Even though the world is grasping for feel-good stories , we must remember those suffering a Christmas in crisis.
Even though the culture is exhausted by division and partisanship, we must remember those suffering a Christmas in crisis because they are exhausted by deep social divisions too.
Even though we desire to retreat to the love of friends and family during this holiday season, we must remember those suffering a Christmas in crisis because they long for loved ones too.
Even though we seek to block out scenes of despair and cruelty at a time we seek to be cheery, we must remember those suffering a Christmas in crisis because they yearn for happiness too.
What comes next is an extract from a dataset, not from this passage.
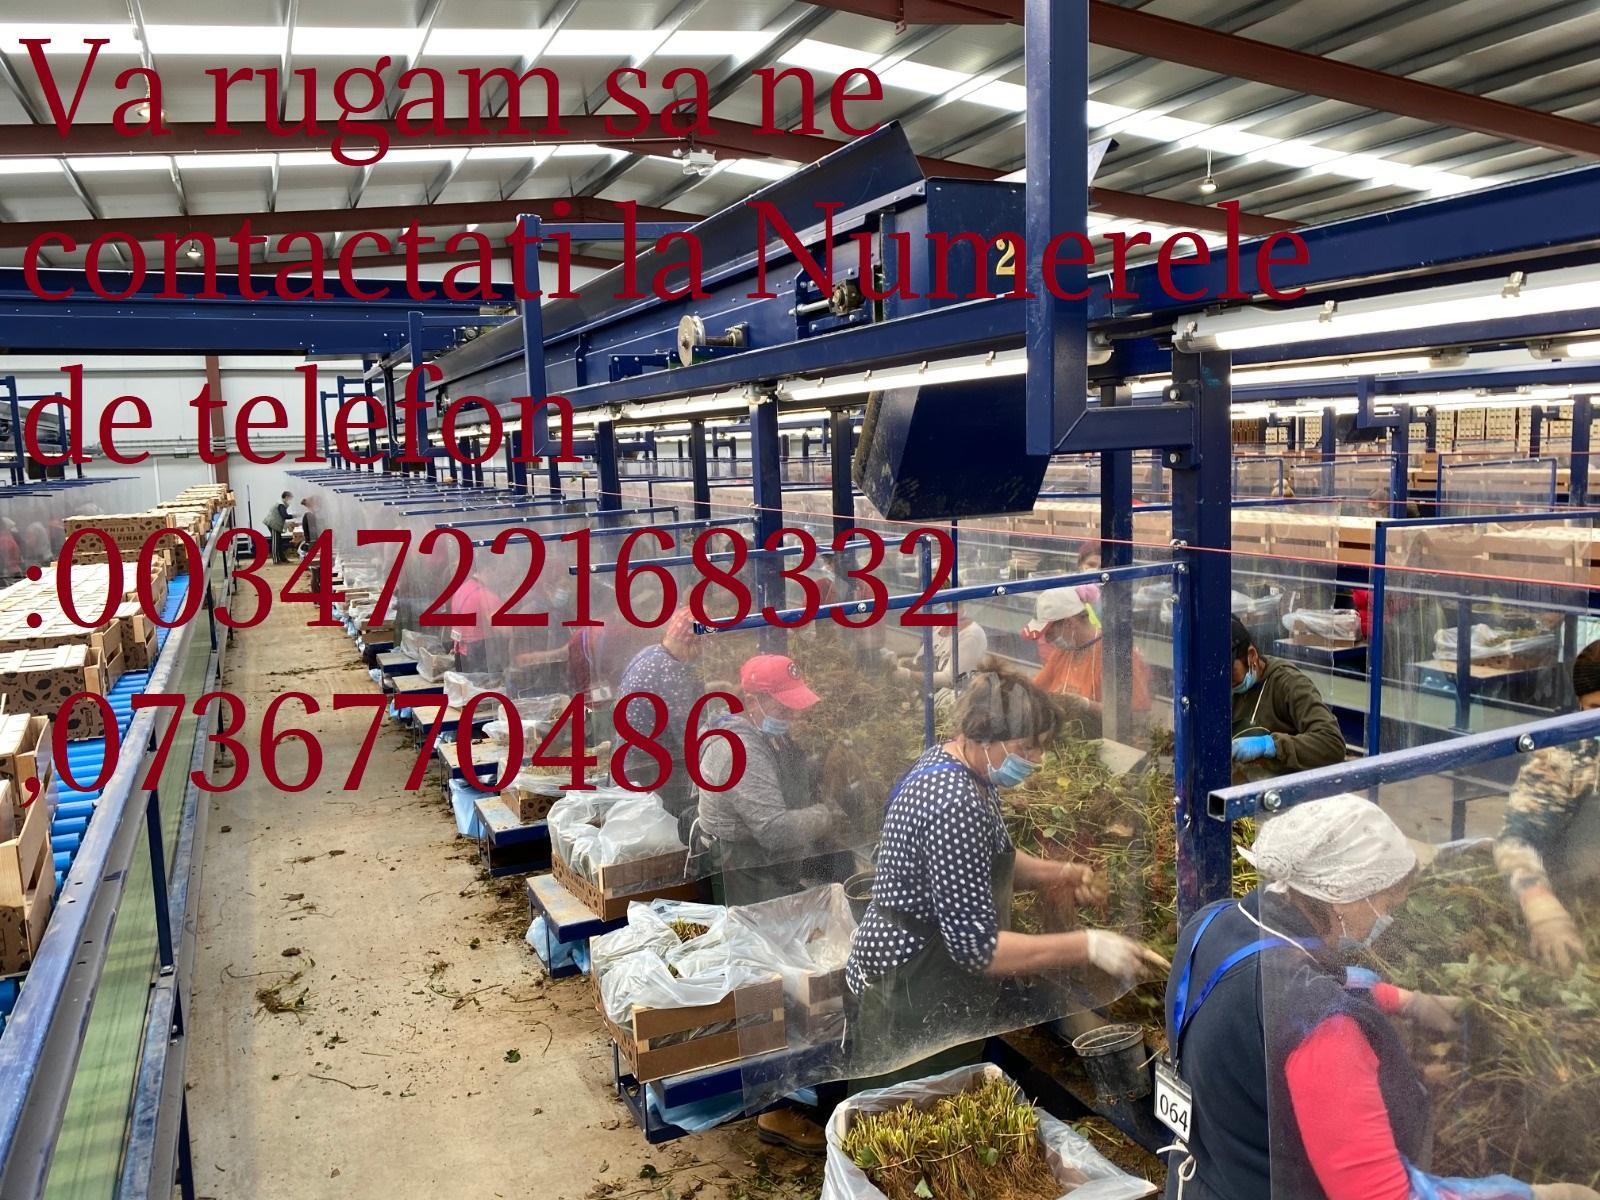 WhatsApp Image 2021-09-08 at 22.11.06
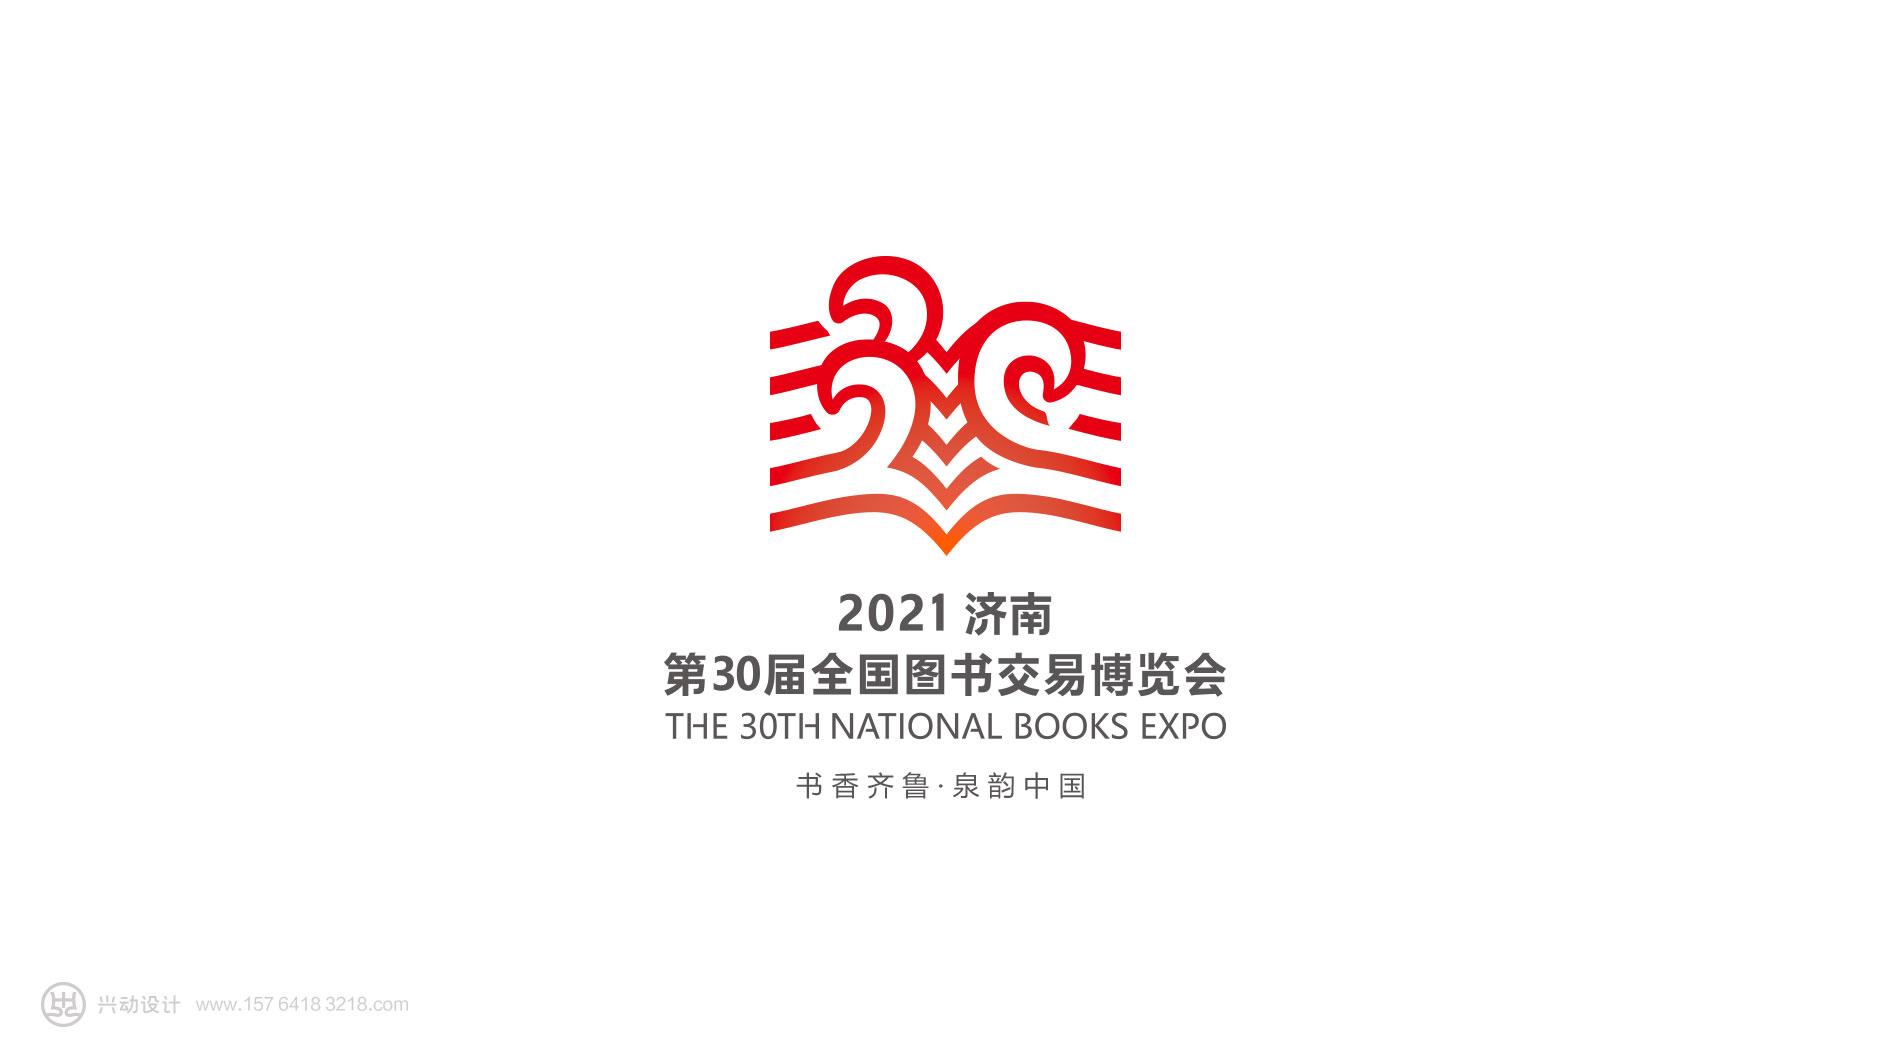 2021济南第30届全国图书交易博览会标志设计

Even though we don’t want to think about problems we feel are out of our control, we must remember those suffering a Christmas in crisis because neither do they.
Jesus was born into a season of conflict. On the run. In danger. That first Christmas was a Christmas in conflict.
Responding to a Christmas in Crisis
Here are four things I would like for you to consider:
- Please consider adding the innocent people of Syria and Iraq, suffering under siege, war, and displacement in your prayers this Christmas season. Even consider including it in your Christmas prayers with your family and friends.
- Download and Share the “More than a Refugee” ebook, a great resource to understand the plight of nearly 60 million people around the world who have been forced from their homes.
- If you Sponsor a Child with Food for the Hungry already, consider signing up for Children in Crisis. It’s a small monthly pledge that will directly benefit thousands for children, like those from Syria and Iraq that we intermittently see on the news, pursue a future where they can not only survive, but thrive.
- Donate now to Disaster Relief to make a life-saving impact on those suffering from both human and natural disasters around the world.
Even though we don’t like to think of the Christmas story in that light, we must remember is was a Christmas in conflict because it is elemental to the reason for the season.